* **MATERIAL PROVIDED**:

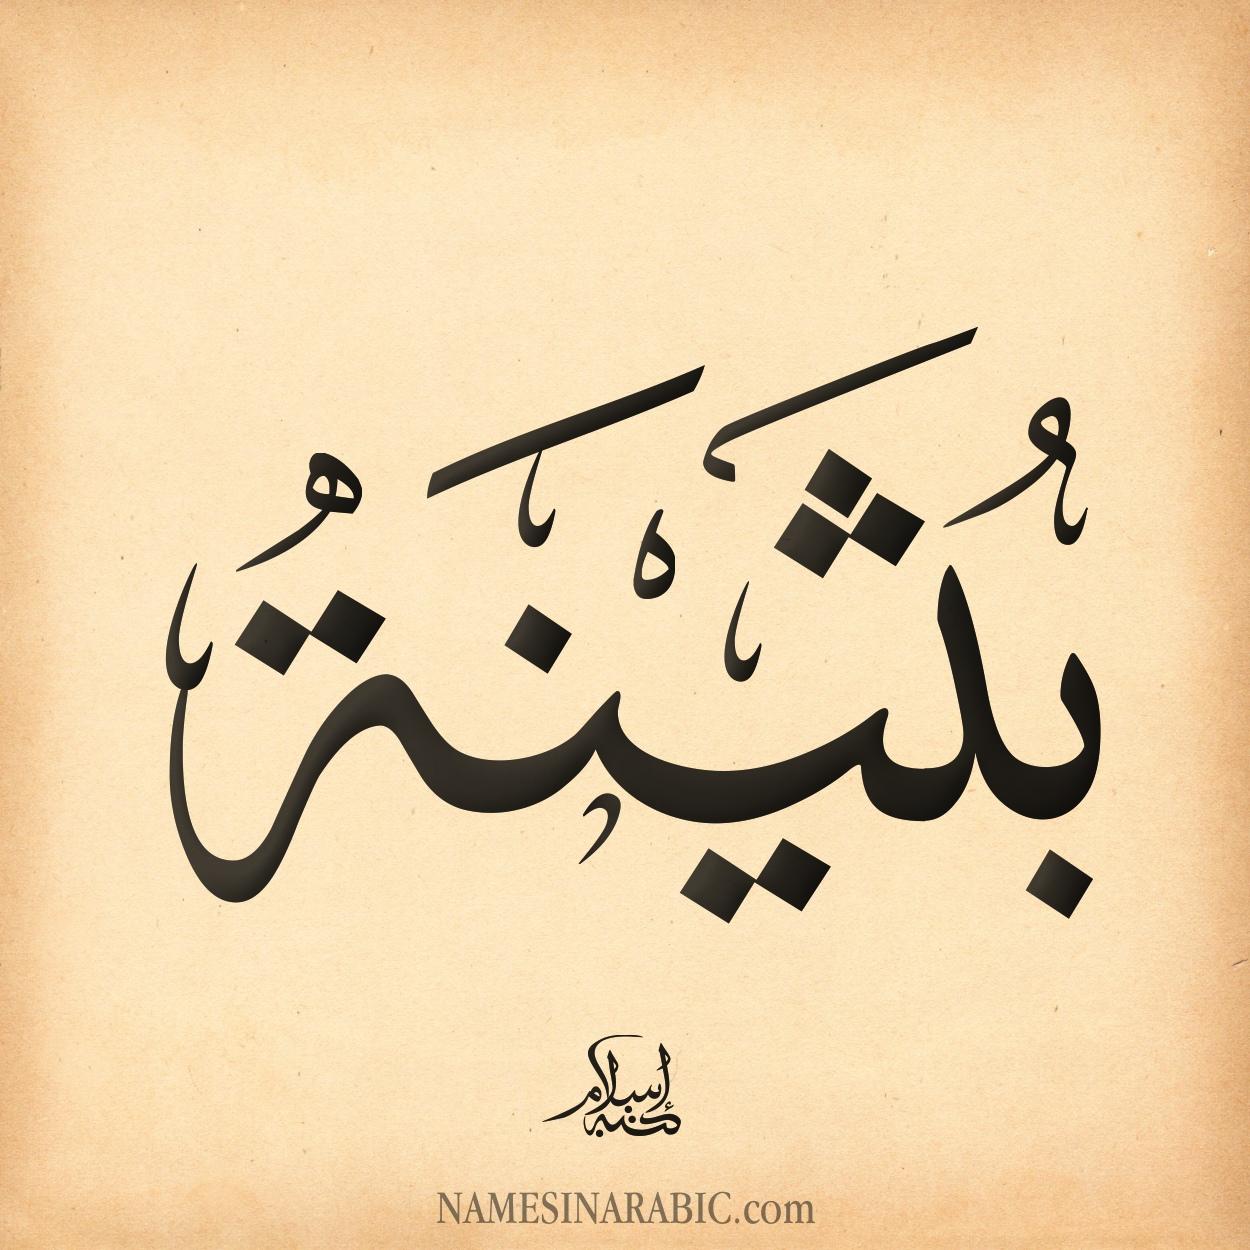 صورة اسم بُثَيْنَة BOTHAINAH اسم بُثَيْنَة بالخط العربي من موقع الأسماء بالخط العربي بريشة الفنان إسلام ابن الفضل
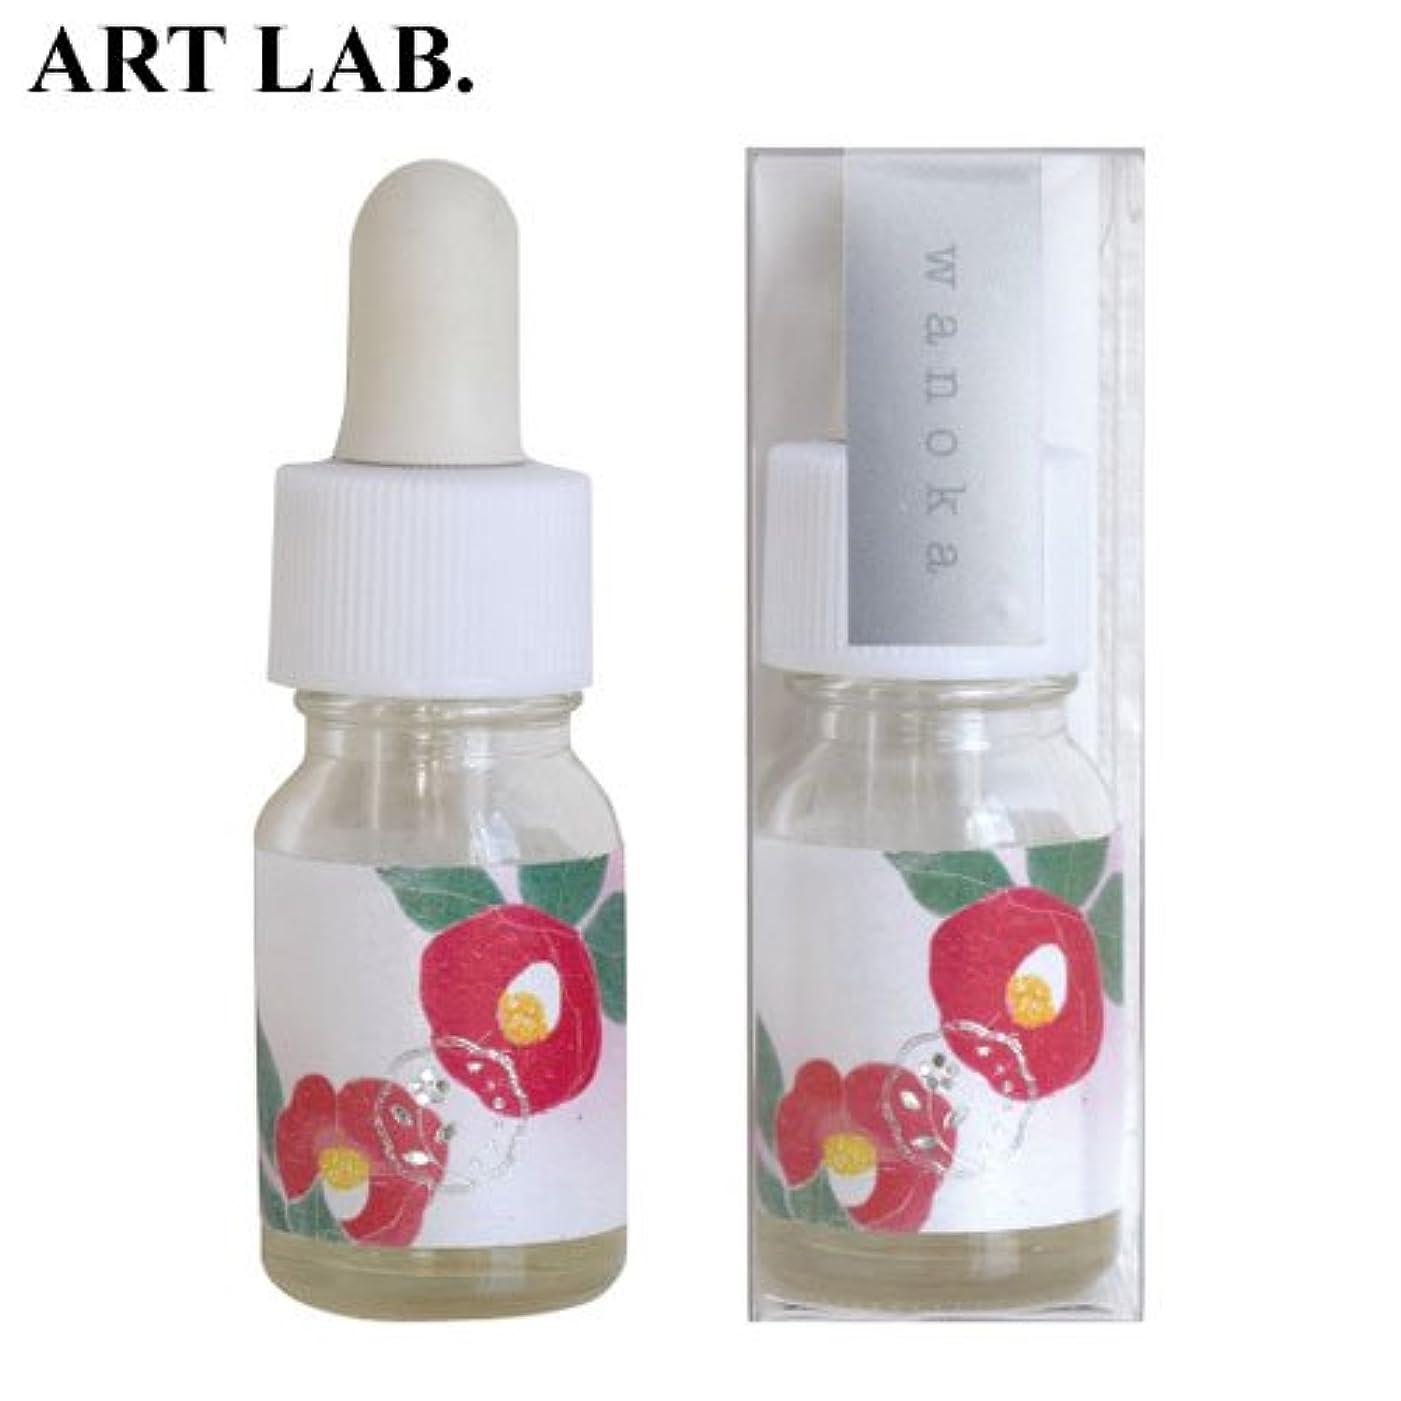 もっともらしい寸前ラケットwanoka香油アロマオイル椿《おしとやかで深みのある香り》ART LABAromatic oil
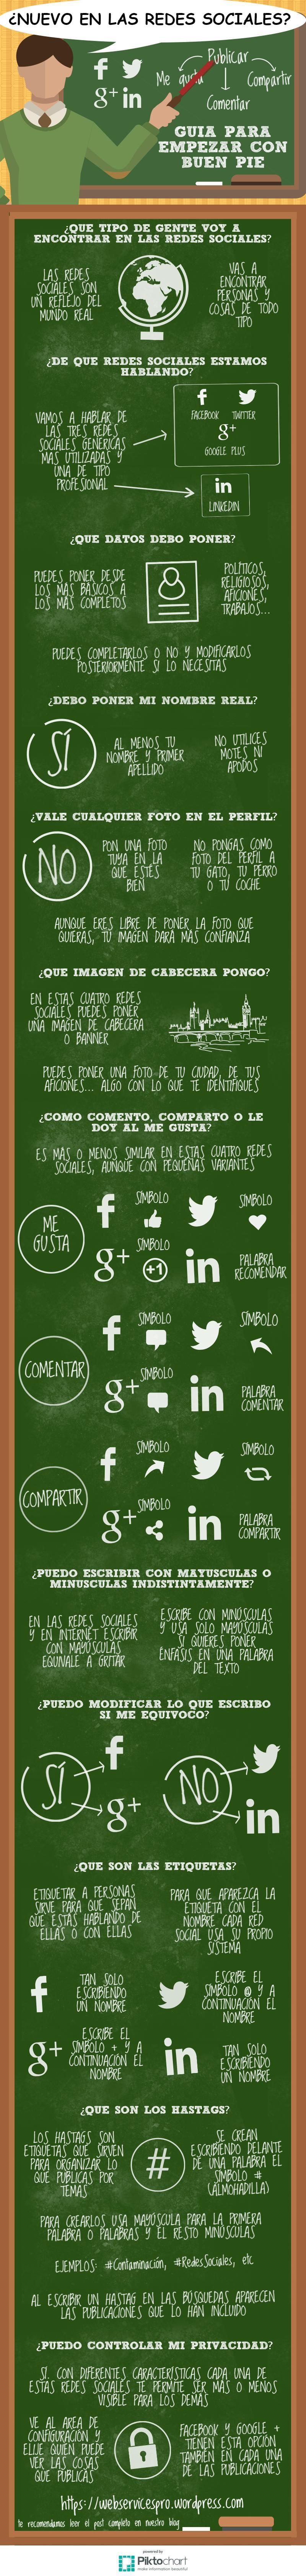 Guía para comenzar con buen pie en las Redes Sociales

* **TASK OBJECTIVE**: The lines from the one containing "もっともらしい寸前ラケットwanoka香油アロマオイル椿《おしとやかで深みのある香り》ART LABAromatic oil" up to and including the last line of the material above are to be given again exactly; any pictures are dropped.

* **OUTPUT**:
 もっともらしい寸前ラケットwanoka香油アロマオイル椿《おしとやかで深みのある香り》ART LABAromatic oil
 Guía para comenzar con buen pie en las Redes Sociales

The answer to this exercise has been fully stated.